Centrando el foco en el campo de la docencia en las asignaturas de Historia, el cómic ofrece dos grandes vías de incorporación a la dinámica del aula: como referente en sí mismo de la sociedad que los genera, o como vehículo para reconstruir y fijar gráficamente la docencia impartida. En el primero de los casos, se debe tener en cuenta que los cómics desde su creación se convirtieron en una herramienta muy útil para la difusión de las ideologías, conceptos, elementos culturales y visiones de sus creadores. Por ello, es una fuente histórica de un valor incalculable para su utilización en las asignaturas de Historia Contemporánea tanto como fuente de información como por sus posibilidades didácticas (Somé Laserna, 2012). A modo de ejemplo, durante y después de la Segunda Guerra Mundial, los cómics son una fuente excelente para ahondar en la psique colectiva norteamericana, incluyendo la cuestión racial o la atómica, temas candentes en los años centrales del siglo pasado (Madison, 2007). Sin embargo, en tiempos históricos anteriores a la creación de los cómics, como es el caso de la Edad Media, hace imposible el uso tan enriquecedor de este género literario. En estos casos, se debe profundizar en la segunda de las vías de trabajo señaladas: su uso como apoyo gráfico a la docencia. Esta última es la que nos interesa en esta investigación.

2. Los cómics en clases de historia medieval: superar los tópicos

La Edad Media ha sido uno de los períodos históricos con mayor protagonismo en el imaginario de los cómics desde sus comienzos a finales del siglo XIX, especialmente desde la aparición en 1937 de uno de los hitos de este género de ambientación histórica: Príncipe Valiente de Harold Foster. El cómic, como el resto de los géneros literarios, o con mayor difusión en la actualidad, el cine y la televisión, trasladan, por regla general, una visión tópica de la sociedad medieval, “en la que se mezclan en el imaginario colectivos caballeros, castillos y hasta dragones, y como un entorno inmutable a pesar de sus diez siglos de desarrollo –del V al XV aproximadamente-” (Gallo León y Játiva Miralles, 2017, p. 125).
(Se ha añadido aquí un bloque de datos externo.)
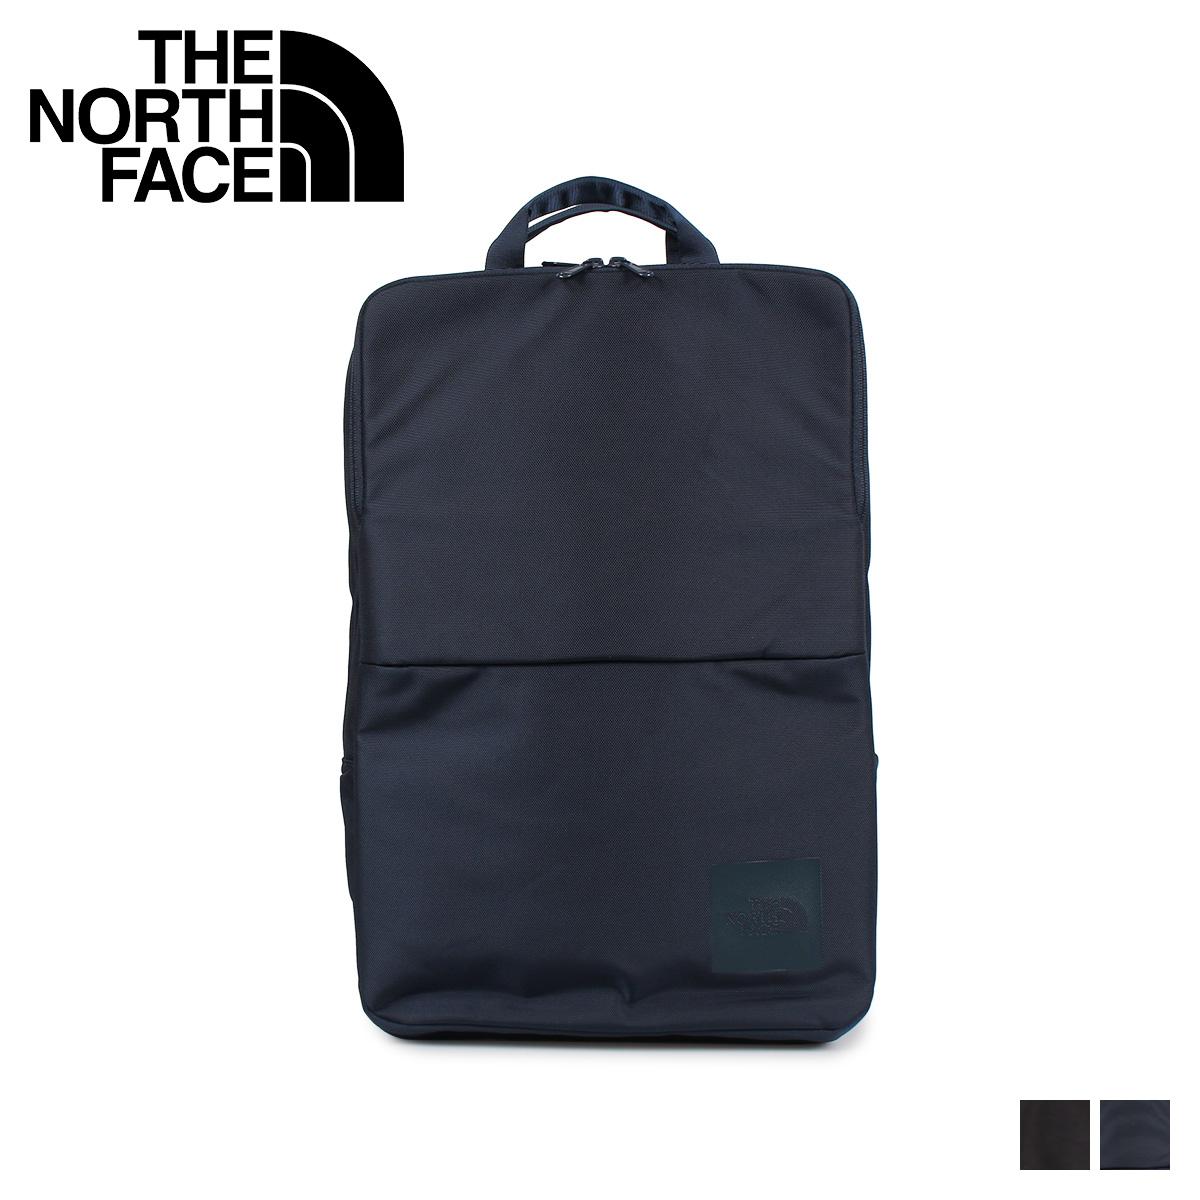 THE NORTH FACE SHUTTLE DAYPACK ノースフェイス リュック バッグ バックパック シャトル デイパック メンズ レディース シャトルデイパック 25L ブラック ネイビー 黒 NM81863

Más allá de los icónicos caballeros y princesas, el período medieval siempre ha ofrecido una mayor dificultad en su comprensión que otras épocas, en buena medida porque está definido por la alteridad, como un elemento extraño, caracterizado de manera mayormente peyorativa, negativa. Una distancia cognitiva, en buena medida, fruto de una lectura sesgada de dicho período. Por ejemplo, los ilustrados despreciaban, fundamentalmente, la Edad Media como una época oscura, contrastada a su época de las luces. Por su parte, el Romanticismo buscó recuperar lo medieval como un elemento atractivo, pero su fascinación tenía unas raíces estéticas marcadas y se buscaba una justificación en el pasado de elementos contemporáneos, enraizando un resurgimiento del aprecio por la Edad Media con el nacimiento del nacionalismo, que quiso ver en el Medievo el origen pretérito de los estados-nación europeos (Little y Rosenwein, 2003).

La aparición del cine revolucionó el mundo contemporáneo, y, claramente, lo cinematográfico no es inmune a la difusión de los tópicos e ideas instalados en el imaginario colectivo, al igual que toda obra cultural creada en un contexto y ámbito concretos (Navarro Espinach, 2001). Especialmente son dos los principales tópicos generalizados sobre el medievo: la imagen caballeresca, y la concepción de una época oscura y violenta (Gallo León y Játiva Miralles, 2009, p. 232). La incidencia del cine en la sociedad, democratizado actualmente gracias a la televisión y la aparición de plataformas digitales de streaming, es absolutamente fundamental, y este, más que nada, ha consolidado esta imagen que la mayor parte de la sociedad tiene de esta época. No extraña que en el año 2008 una de las reuniones científicas más importantes del panorama europeo dedicada a la Edad Media, la Semana de Estudios de Estella, dedicase una de sus sesiones, cuyos textos fueron publicados, a la percepción académica y a la percepción social de este período histórico (VV. AA, 2009). A modo de ejemplo, “El Reino de los Cielos”, de Ridley Scott, realiza un retrato sesgado de la sociedad de las cruzadas (Barrio Barrio, 2017). Se representan los estados cruzados como una sociedad corrompida, decadente, alienígena al mundo en el cual se ubica, presentándolos mediante la perspectiva externa de un personaje foráneo, ignorando el nivel de mestizaje cultural existente en Tierra Santa. Sin embargo, ello no desmerece el potencial didáctico de la obra: la tolerancia y clemencia de Saladino tras la caída de Jerusalén es un retrato fiel de un momento histórico concreto.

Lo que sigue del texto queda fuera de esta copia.